15

I have a zoo series with many missing values. I read that auto.arima can impute these missing values? Can anyone can teach me how to do it? thanks a lot!

This is what I have tried, but without success:

fit <- auto.arima(tsx)
plot(forecast(fit))
Avraham
  • 3,182
  • 21
  • 40
user3730957
  • 161
  • 1
  • 1
  • 4
  • As an addition to javlacalle and my answer below: I implemented these meanwhile in the imputeTS package. The function is called na.kalman and does Kalman smoothing on the state-space form of an ARIMA model – Steffen Moritz May 29 '18 at 23:40

2 Answers2

28

First, be aware that forecast computes out-of-sample predictions but you are interested in in-sample observations.

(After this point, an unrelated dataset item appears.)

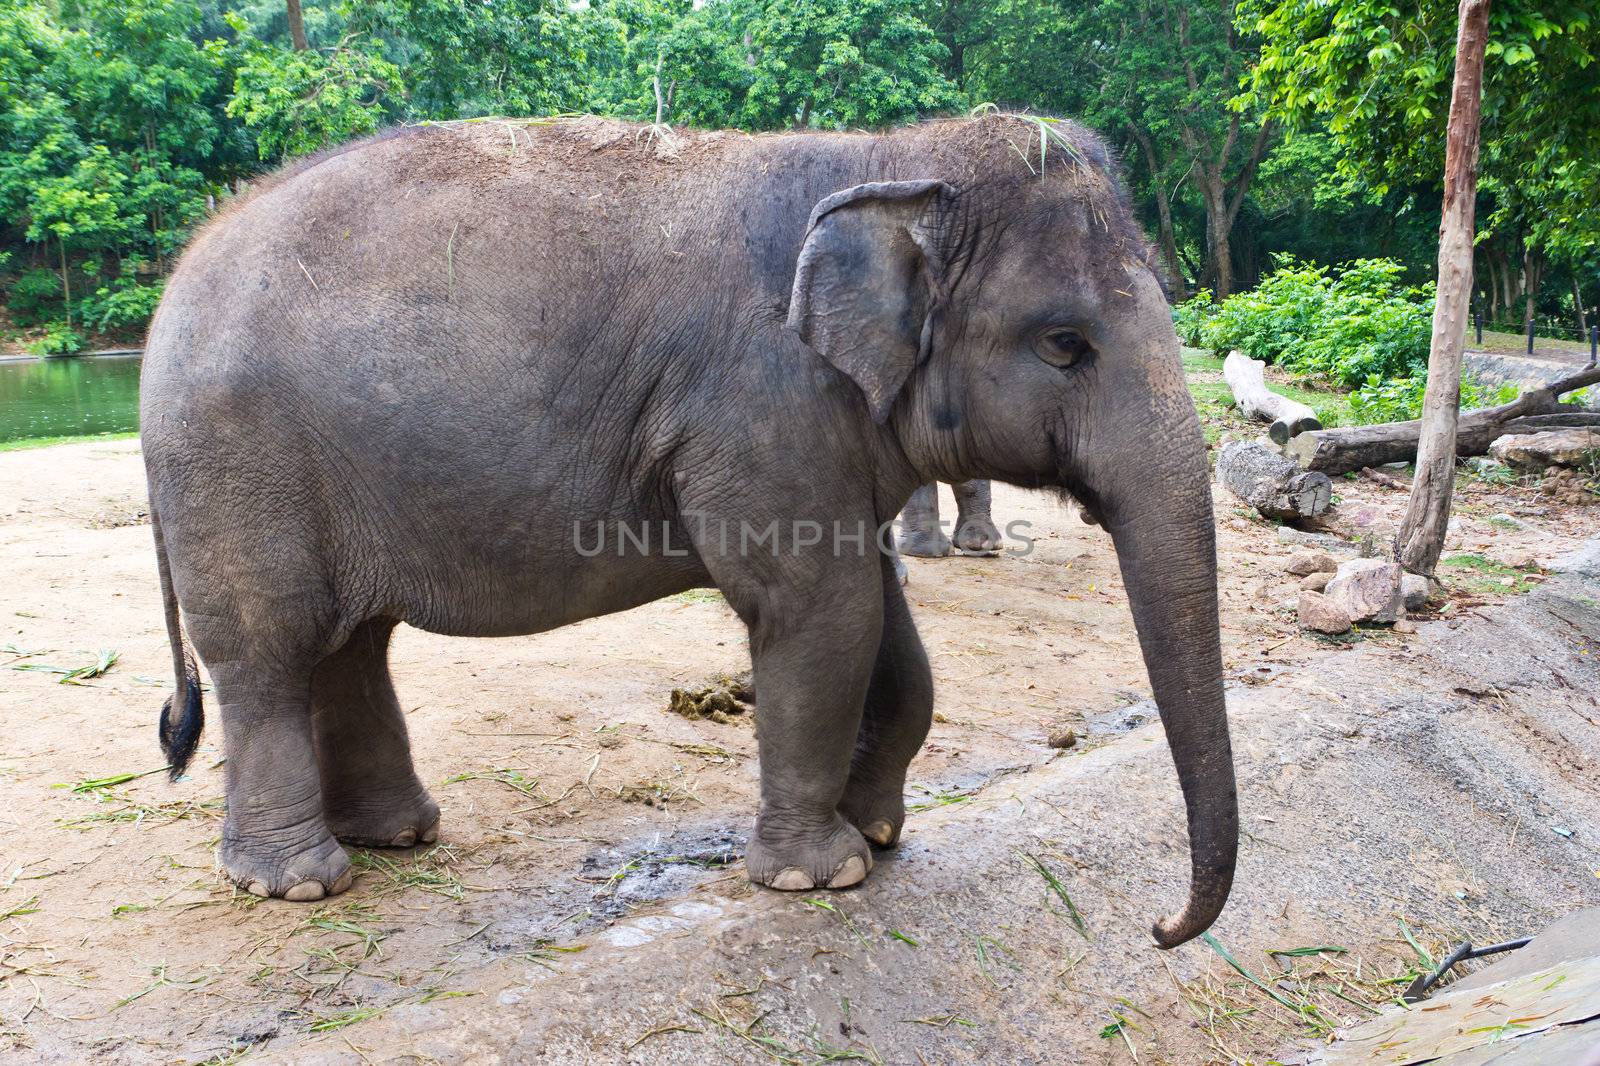 thai elephant by tungphoto

The Kalman filter handles missing values. Thus you can take the state space form of the ARIMA model from the output returned by forecast::auto.arima or stats::arima and pass it to KalmanRun.

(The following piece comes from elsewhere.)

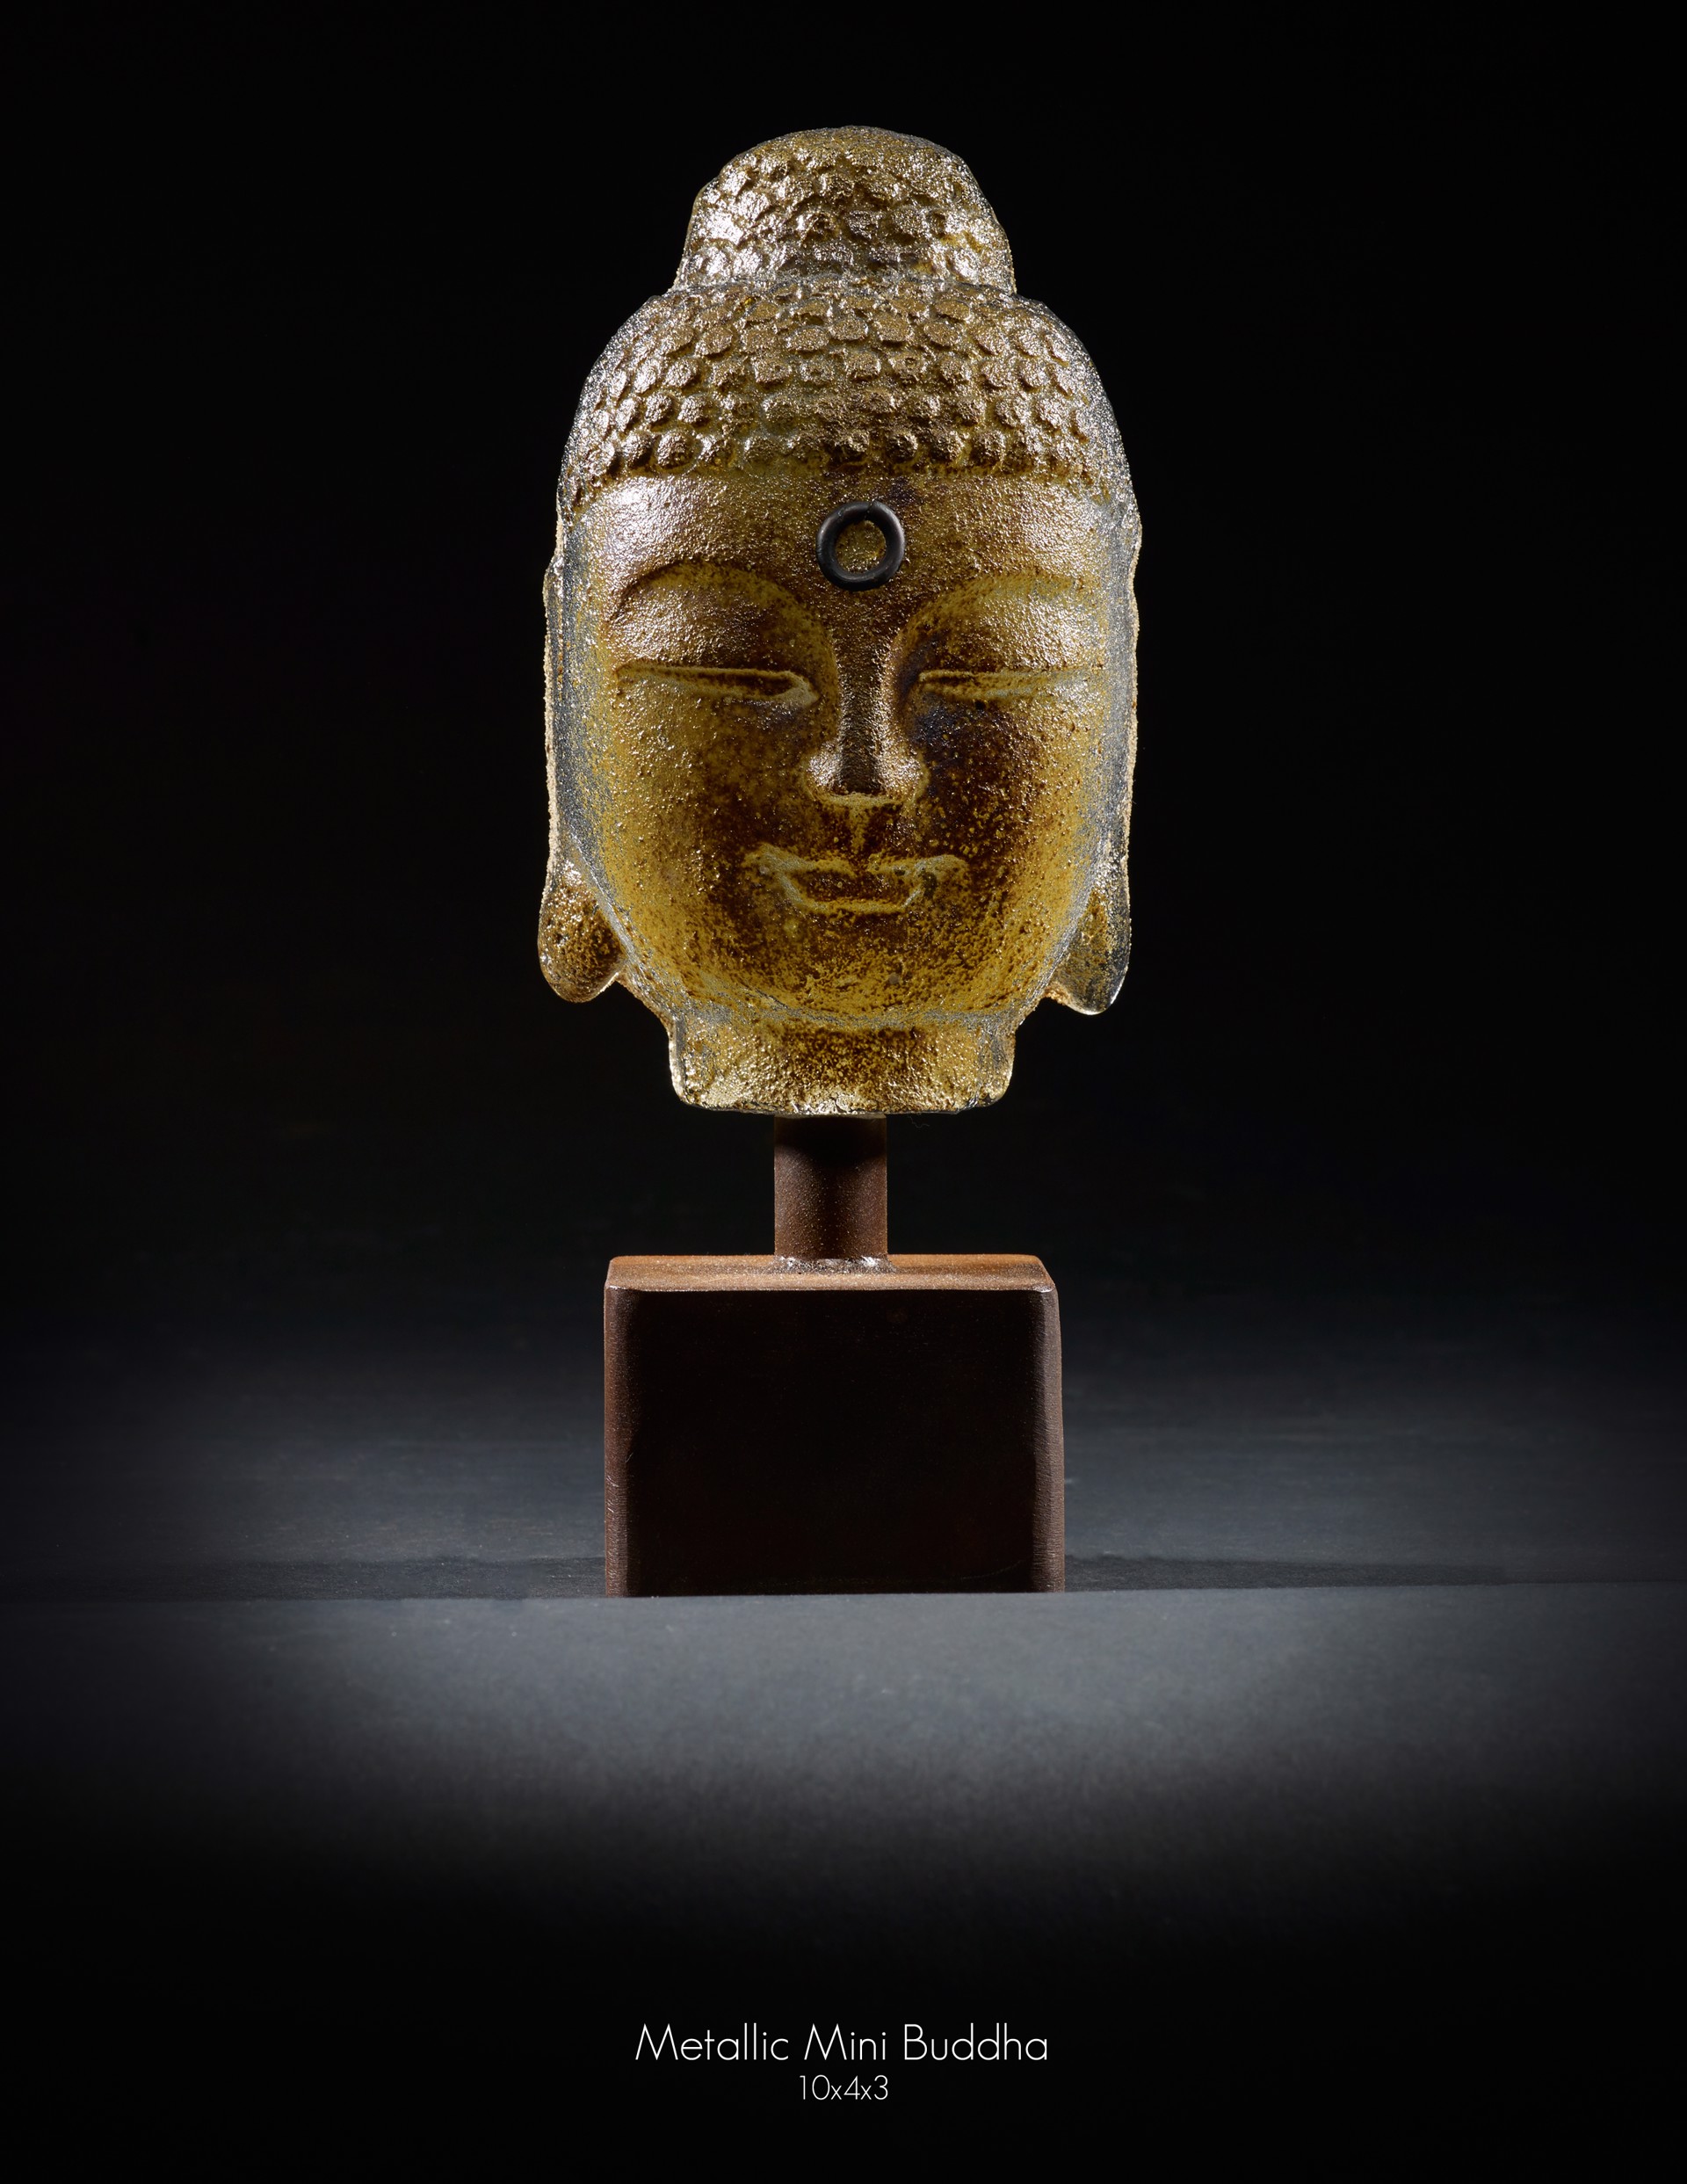 Mini Buddha Metallic by Marlene Rose (b. 1967)

Edit (fix in the code based on answer by stats0007)

In a previous version I took the column of the filtered states related to the observed series, however I should use the entire matrix and do the corresponding matrix operation of the observation equation, $y_t = Z \alpha_t$. (Thanks to @stats0007 for the comments.) Below I update the code and plot accordingly.

I use a ts object as a sample series instead of zoo, but it should be the same:

require(forecast)
# sample series
x0 <- x <- log(AirPassengers)
y <- x
# set some missing values
x[c(10,60:71,100,130)] <- NA
# fit model
fit <- auto.arima(x)
# Kalman filter
kr <- KalmanRun(x, fit$model)
# impute missing values Z %*% alpha at each missing observation
id.na <- which(is.na(x))
for (i in id.na)
  y[i] <- fit$model$Z %*% kr$states[i,]
# alternative to the explicit loop above
sapply(id.na, FUN = function(x, Z, alpha) Z %*% alpha[x,], 
  Z = fit$model$Z, alpha = kr$states)
y[id.na]
# [1] 4.767653 5.348100 5.364654 5.397167 5.523751 5.478211 5.482107 5.593442
# [9] 5.666549 5.701984 5.569021 5.463723 5.339286 5.855145 6.005067

You can plot the result (for the whole series and for the entire year with missing observations in the middle of the sample):

par(mfrow = c(2, 1), mar = c(2.2,2.2,2,2))
plot(x0, col = "gray")
lines(x)
points(time(x0)[id.na], x0[id.na], col = "blue", pch = 19)
points(time(y)[id.na], y[id.na], col = "red", pch = 17)
legend("topleft", legend = c("true values", "imputed values"), 
  col = c("blue", "red"), pch = c(19, 17))
plot(time(x0)[60:71], x0[60:71], type = "b", col = "blue", 
  pch = 19, ylim = range(x0[60:71]))
points(time(y)[60:71], y[60:71], col = "red", pch = 17)
lines(time(y)[60:71], y[60:71], col = "red")
legend("topleft", legend = c("true values", "imputed values"), 
  col = c("blue", "red"), pch = c(19, 17), lty = c(1, 1))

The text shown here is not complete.